Figure 1. Approaches to deal with different types of PGx variants in clinical centers. After the identification and doing the confirmation tests on a PGx related variant, it could be categorized in one of the main five groups of annotated with PGx guideline, annotated without a guideline, informative for other drugs, not PGx annotated, or variants of unknown clinical significance (VUS). For the annotated variants, checking the level of clinical relevance (Table 1 of the current paper) is the first task to do. Bioinformatics tools are also supporting the analysis of not only VUS but also other types of variants in each group. Examples for groups 1–5 with explanations are provided in the main text. * VIP: very important pharmacogene. ** see the text for more details.

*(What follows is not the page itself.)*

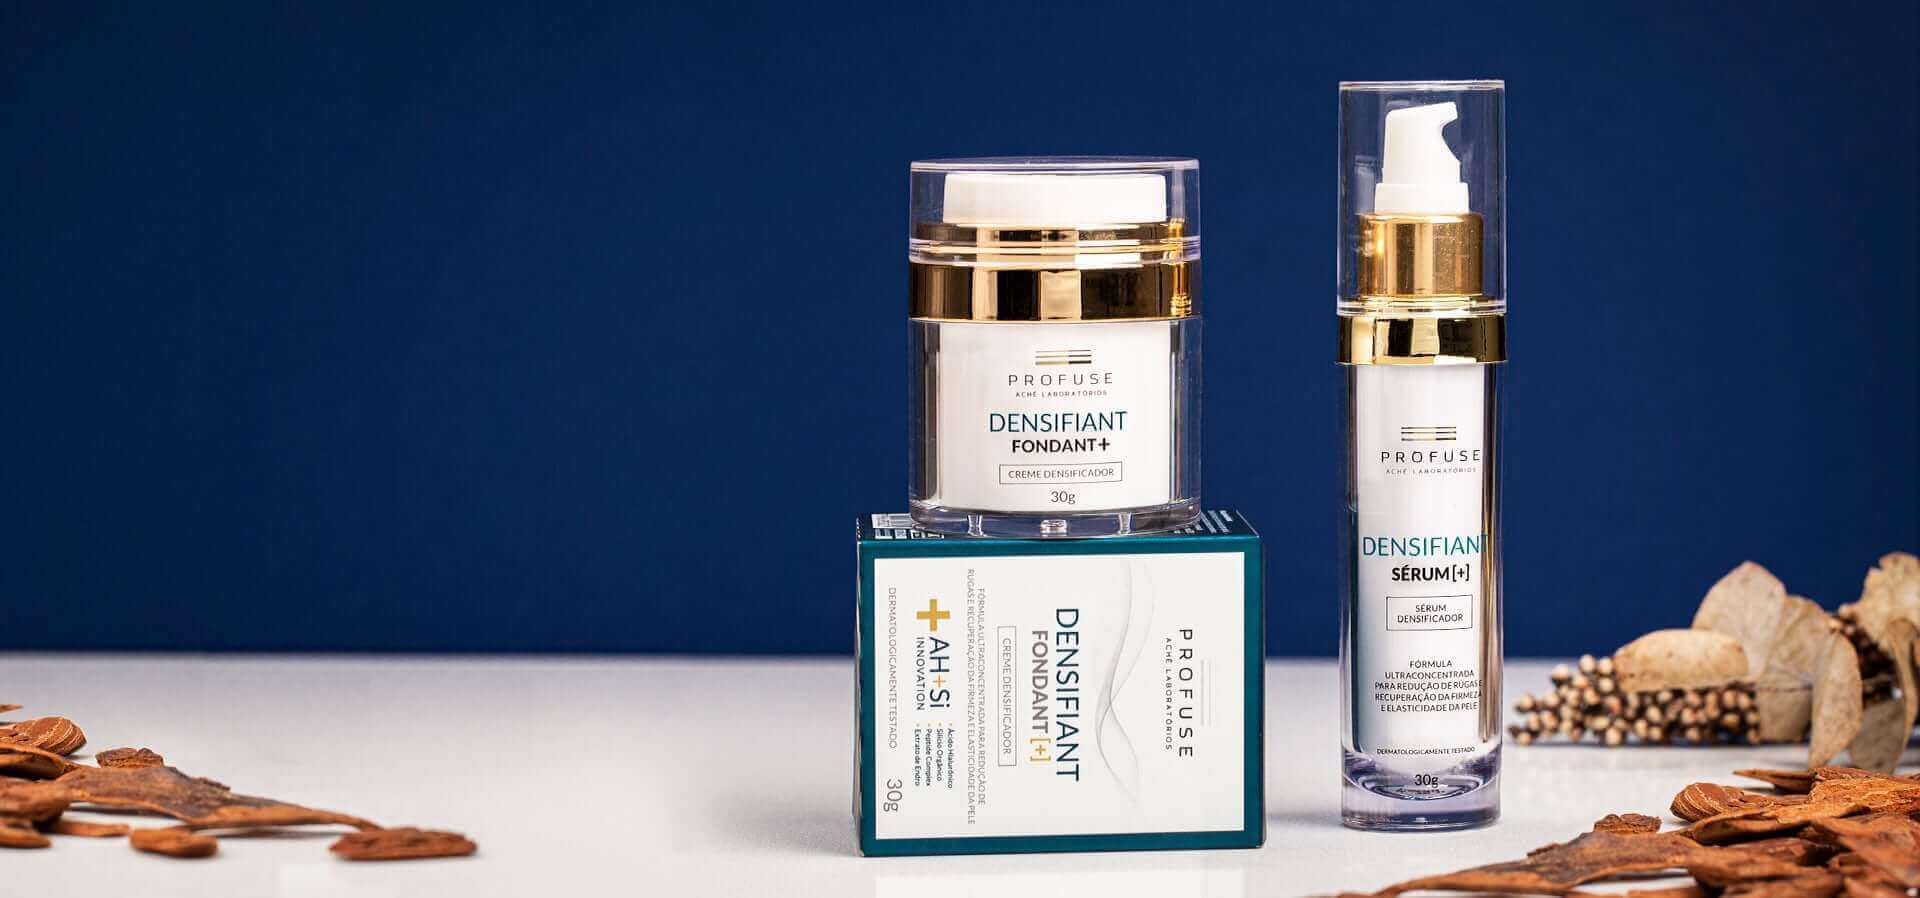 Imagem mostra dois produtos: Densifiant Fondant+ e Densifiant Sérum+ em um fundo azul

The last types of variants (group 5) are the novel and unreported variations in databases (ClinVar, HGMD, PharmGKB), but found in a PGx test mostly through comprehensive methods, such as whole exome or whole genome sequencing (WES and WGS), with no clue for their function in causing a particular phenotype. Moreover, incidental findings (IFs) are the group of known variations, but not related to specifically investigated phenotype, and accidentally revealed during a sequencing test. Both the VUS (novel variants) and IFs will be manageable with higher accuracy by the combined usage of highly specialized bioinformatics pipelines to find any possible interaction with drug responses in patients. IFs are mostly displayed as the annotated functional drug-related variants in pharmacogenes and potentially useful markers if the appropriate genomic analysis and accurate genotype–phenotype correlations are performed subsequently [26]. We will address this topic in detail in the following section.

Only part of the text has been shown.